Decreased Periprosthetic Bone Loss in Patients Treated with Clodronate: A 1-Year Randomized Controlled Study

  • C. Trevisan
  • S. Ortolani
  • P. RomanoEmail author
  • G. Isaia
  • L. Agnese
  • D. Dallari
  • G. Grappiolo
  • R. Cherubini
  • L. Massari
  • G. Bianchi


The efficacy of clodronate to reduce bone loss around uncemented stems after total hip arthroplasty (THA) was evaluated. Ninety-one patients operated with uncemented THA were randomized to receive either intramuscular clodronate at a dose of 100 mg weekly for 12 months or no treatment. Periprosthetic and contralateral bone mineral density (BMD) scans were performed and biochemical markers of bone turnover measured at baseline and at 3, 6, and 12 months. At month 12, with the exception of Gruen zones 4 and 5, patients treated with clodronate showed less bone loss at all zones, reaching statistical significance (P < 0.05) in Gruen zones 2 and 6 (difference of 6.6 and 5.9%, respectively). Analysis of data according to gender revealed sex-related differences in bone loss and efficacy of treatment. After 12 months, the difference in bone loss between treated and untreated women in five out of seven Gruen zones ranged from 6.2 to 13.3% (SS at zones 2 and 6), whereas comparison between treated and untreated men showed no BMD differences in all zones (P > 0.05). Median percent changes in serum levels of markers of bone metabolism by gender were consistent with BMD changes.

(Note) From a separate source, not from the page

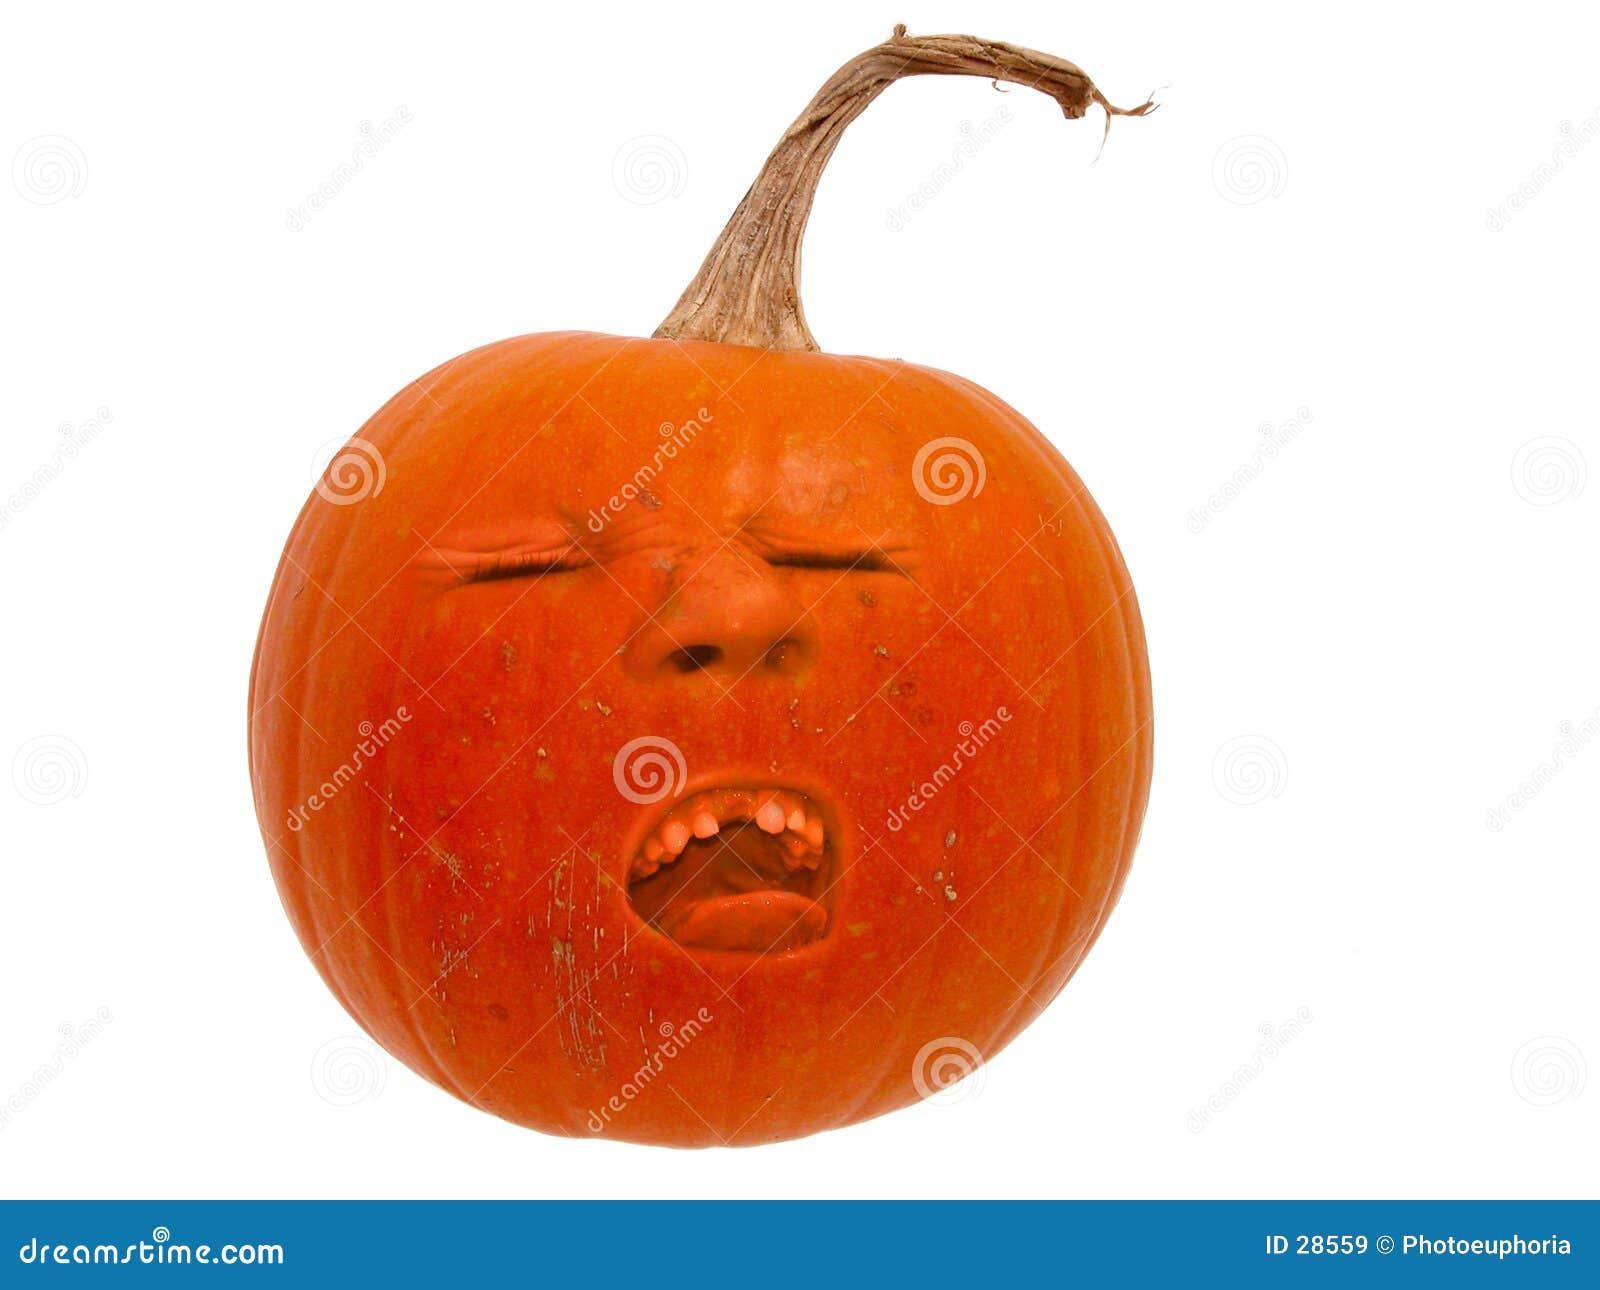 Pumpkin Head (2 of 2)

A 1-year treatment with intramuscular clodronate determined a significant reduction of bone loss after THA. This was mainly attributed to its greater efficacy in the female population, which is at higher risk for bone loss. This observation suggests the need for the characterization of high-risk subjects as potential candidates for prevention strategies.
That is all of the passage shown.